# Bolens Large Frames



## GTcollector (Dec 27, 2010)

I really like these Bolens Large frames and if I get a chance I want a 1477 and 1455 to add to my 1476. To upgrade the front tire/wheel/hub upgrade to 10" from 8" cost 250.00 and the rear 26x12-12 Duro AGs are 189.00 a pair delivered to my door, not bad for 4 ply tires that are an exact copy of the original Goodyears. I made the 3 point A frame.


----------



## OldBuzzard (Jun 23, 2011)

Danged nice looking 1476 :thumbsup:

I think that a very good argument could be made that the Bolens Large Frames were the best series of GT's ever built.


----------



## jhngardner367 (Apr 5, 2011)

Great looking unit !


----------



## GTcollector (Dec 27, 2010)

OldBuzzard said:


> Danged nice looking 1476 :thumbsup:
> 
> I think that a very good argument could be made that the Bolens Large Frames were the best series of GT's ever built.

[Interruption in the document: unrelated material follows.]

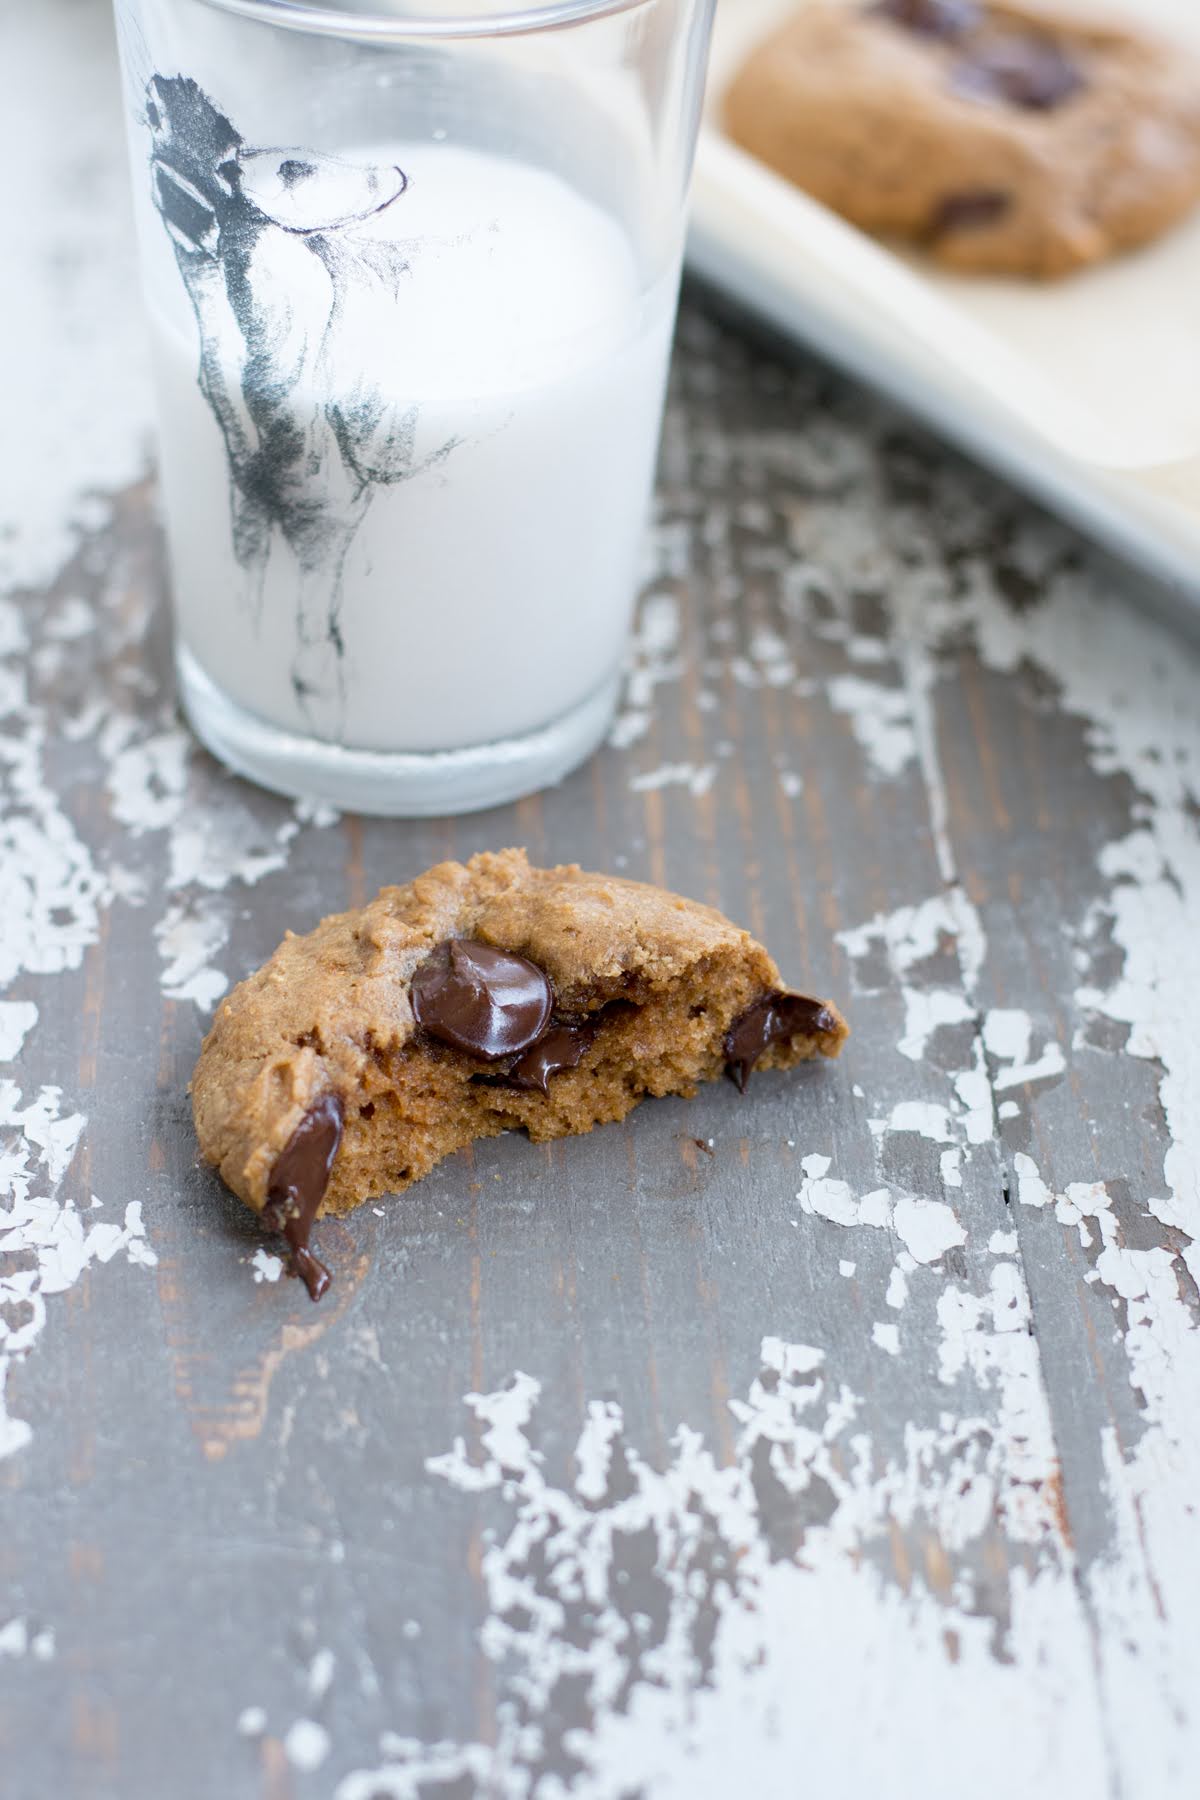 Half a protein cookie on a baking sheet next to a glass of milk.

I wouldn't even call it an argument, I have 6 of the best brands made (no cubs or deeres, lol) and Bolens were definitely the stoutest and best built GTs a guy could buy. there are other great GTs that come close, but man those Bolens are really overbuilt, and it *really* helps when using implements. One of the most under rated GTs was the old Ariens GT14H-GT20H really modern for its time, it was so good Kubota stole many of their designs, older Kubota and Ariens decks even interchange


----------